§ DATA EXCERPT:
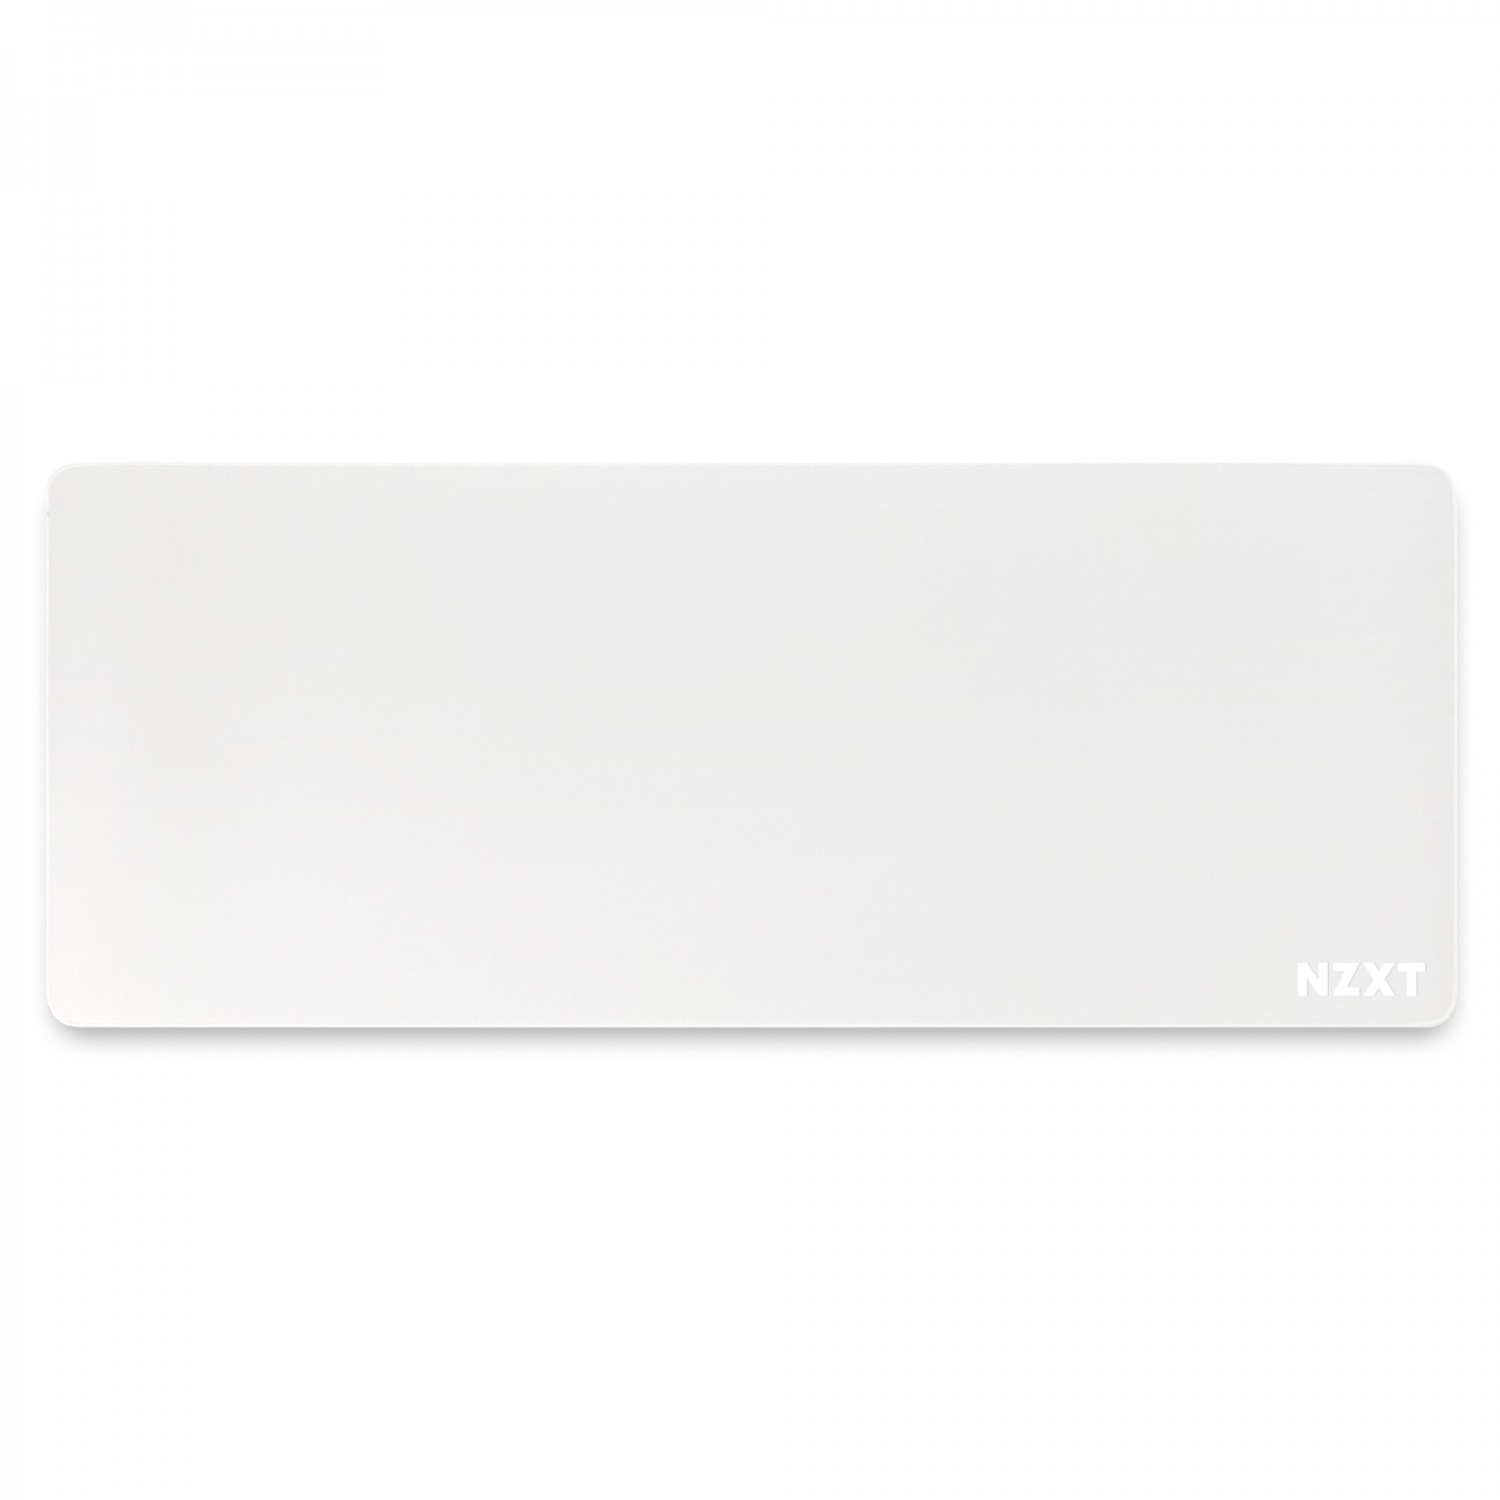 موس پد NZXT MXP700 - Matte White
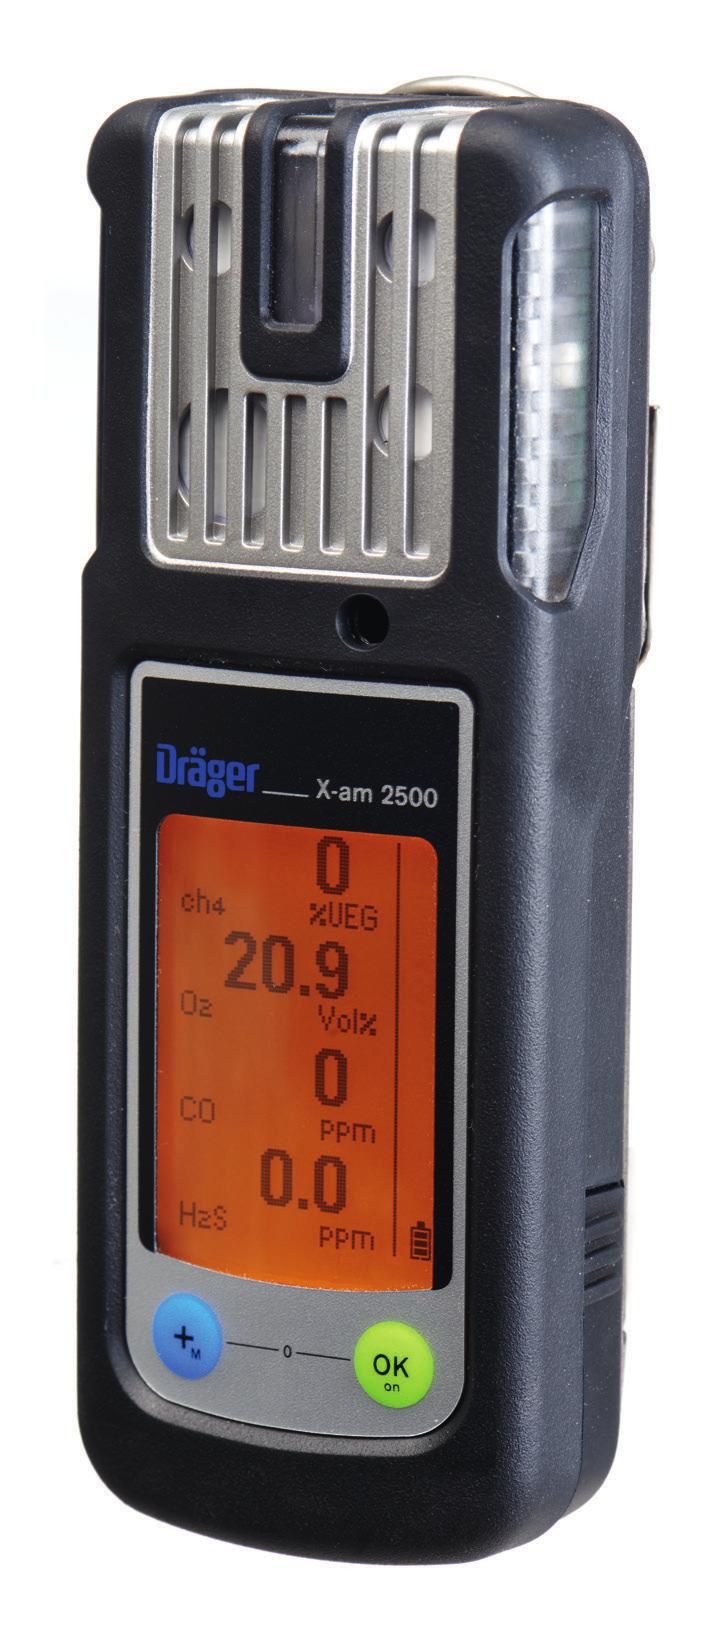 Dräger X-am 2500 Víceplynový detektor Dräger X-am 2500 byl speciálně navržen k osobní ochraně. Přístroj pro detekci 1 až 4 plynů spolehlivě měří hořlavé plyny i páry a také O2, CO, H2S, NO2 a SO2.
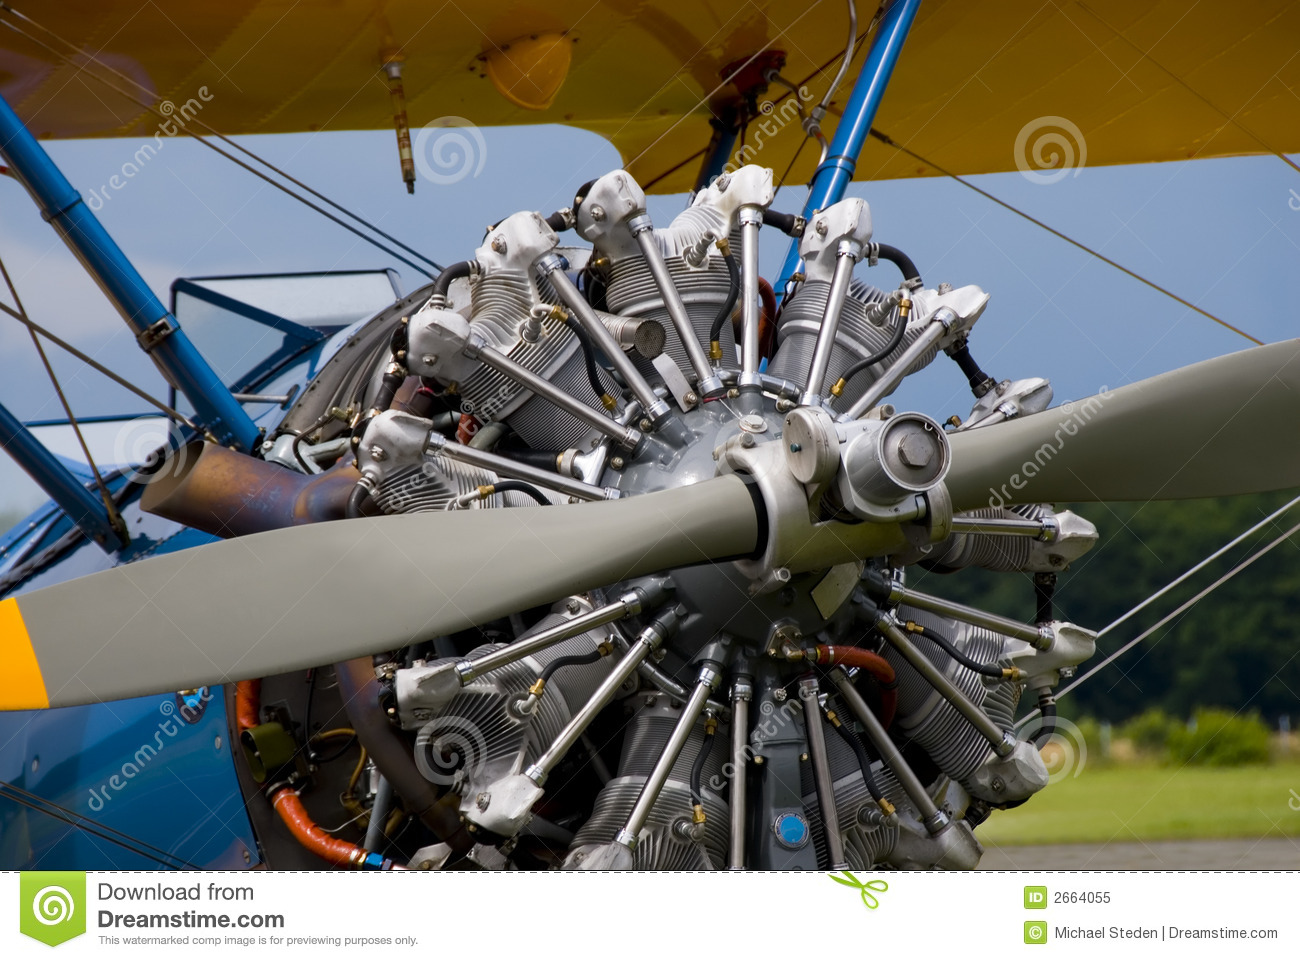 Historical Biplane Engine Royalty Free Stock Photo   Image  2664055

§ WHAT TO WORK ON:
What is needed is the whole listing again, exactly as written, with the images left out.

§ RESULT BELOW:
 موس پد NZXT MXP700 - Matte White
 Dräger X-am 2500 Víceplynový detektor Dräger X-am 2500 byl speciálně navržen k osobní ochraně. Přístroj pro detekci 1 až 4 plynů spolehlivě měří hořlavé plyny i páry a také O2, CO, H2S, NO2 a SO2.
 Historical Biplane Engine Royalty Free Stock Photo   Image  2664055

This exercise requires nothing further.